How to Monitor Competitor Websites with CRW

Set up automated competitor website monitoring with CRW — detect changes, compare snapshots, and generate AI summaries of what your competitors are up to.

[Fast]
C
R
W
March 28, 202617 min read

What We're Building

A competitor monitoring system that: (1) periodically crawls competitor websites using CRW, (2) stores page snapshots, (3) compares current content against previous snapshots to detect changes, and (4) generates AI-powered summaries of what changed and why it matters.

Most website monitoring tools only detect that something changed.
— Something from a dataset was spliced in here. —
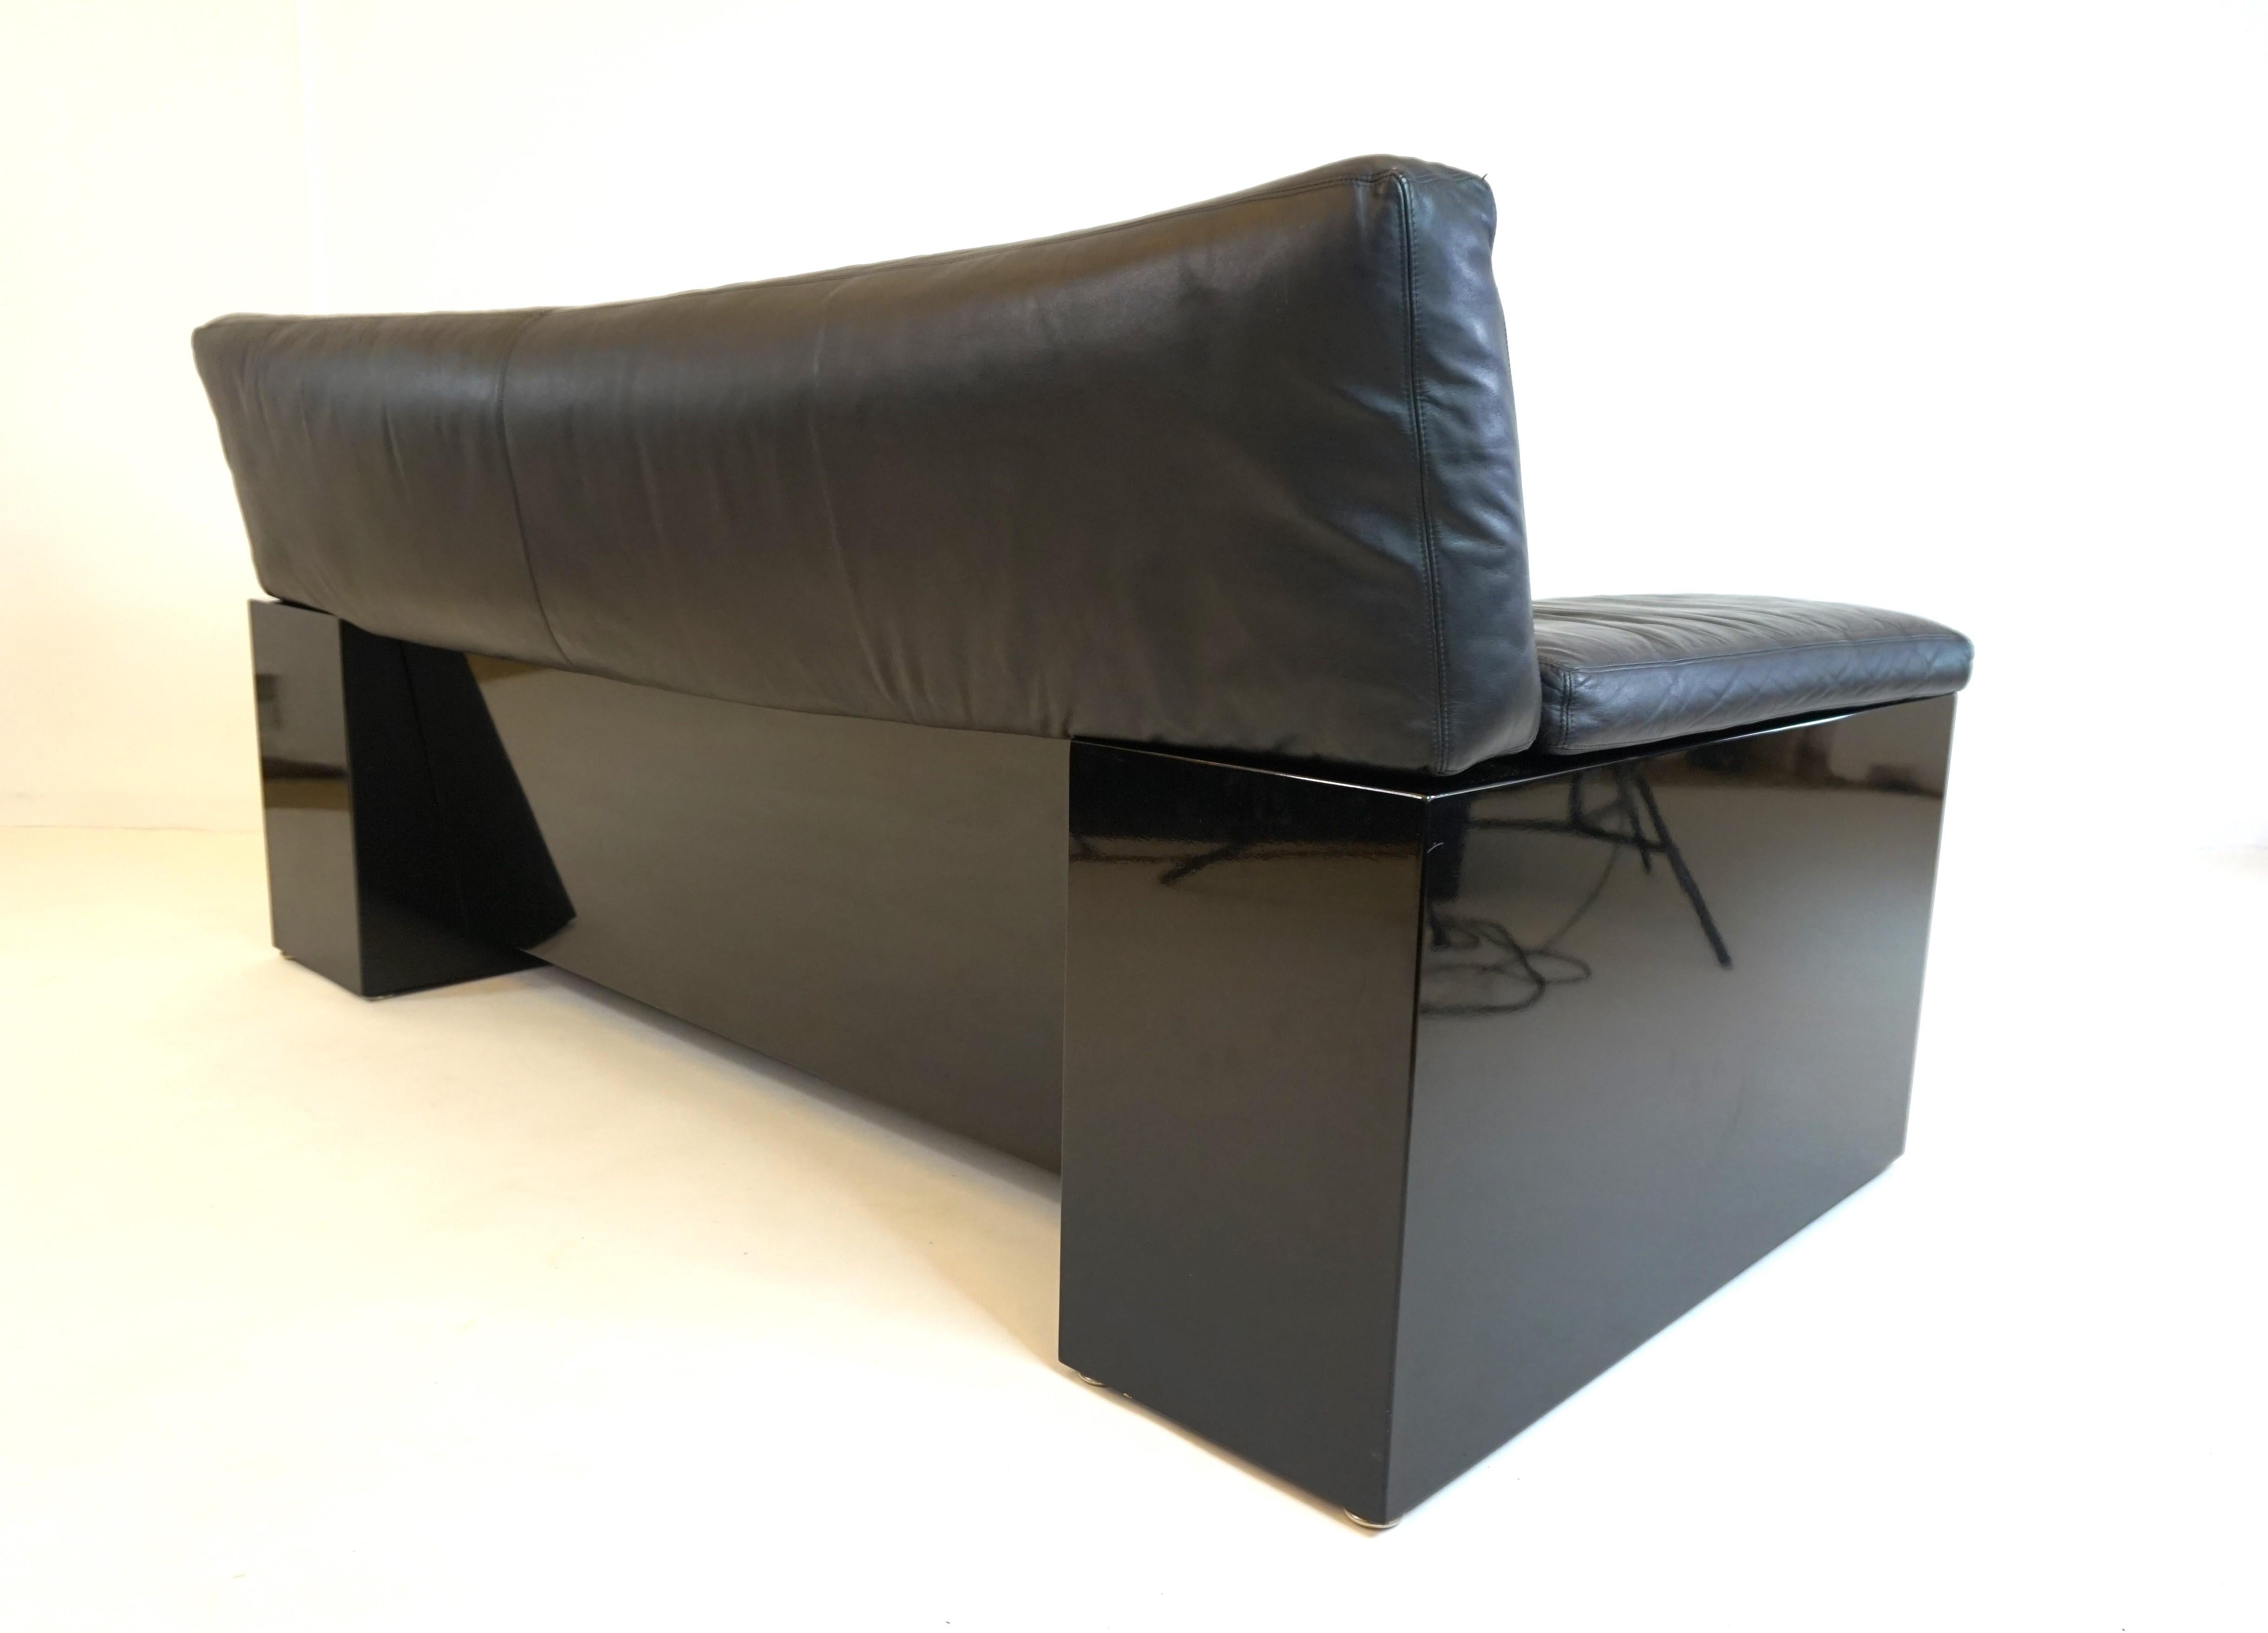 This Brigadier two-seater comes in excellent condition. The high-gloss painted black side cubes show no signs of wear. The soft, black leather is in very good condition. The suspension of the sofa is flawless and offers excellent seating comfort. A

Ours goes further — CRW's clean markdown output makes it easy to diff content meaningfully, and an LLM summarizes the changes in business terms: "Competitor X added a new enterprise pricing tier" instead of "HTML changed on /pricing".

Architecture Overview

The system has four components:

  • Crawler — CRW's /v1/crawl fetches all pages from competitor sites as clean markdown
  • Snapshot Store — SQLite stores page content with timestamps for historical comparison
  • Differ — Compares current snapshots against previous ones using difflib
  • Summarizer — OpenAI generates business-relevant summaries of detected changes

Prerequisites

  • CRW running locally: docker run -p 3000:3000 ghcr.io/us/crw:latest
  • Python 3.10+
  • An OpenAI API key (for change summarization)
pip install firecrawl-py openai apscheduler

Step 1: Set Up CRW and the Snapshot Database

from firecrawl import FirecrawlApp
import sqlite3
import json
from datetime import datetime

# Connect to CRW
app = FirecrawlApp(api_key="fc-YOUR-KEY", api_url="http://localhost:3000")

# Or use fastCRW cloud
# app = FirecrawlApp(api_key="fc-YOUR-KEY", api_url="https://fastcrw.com/api")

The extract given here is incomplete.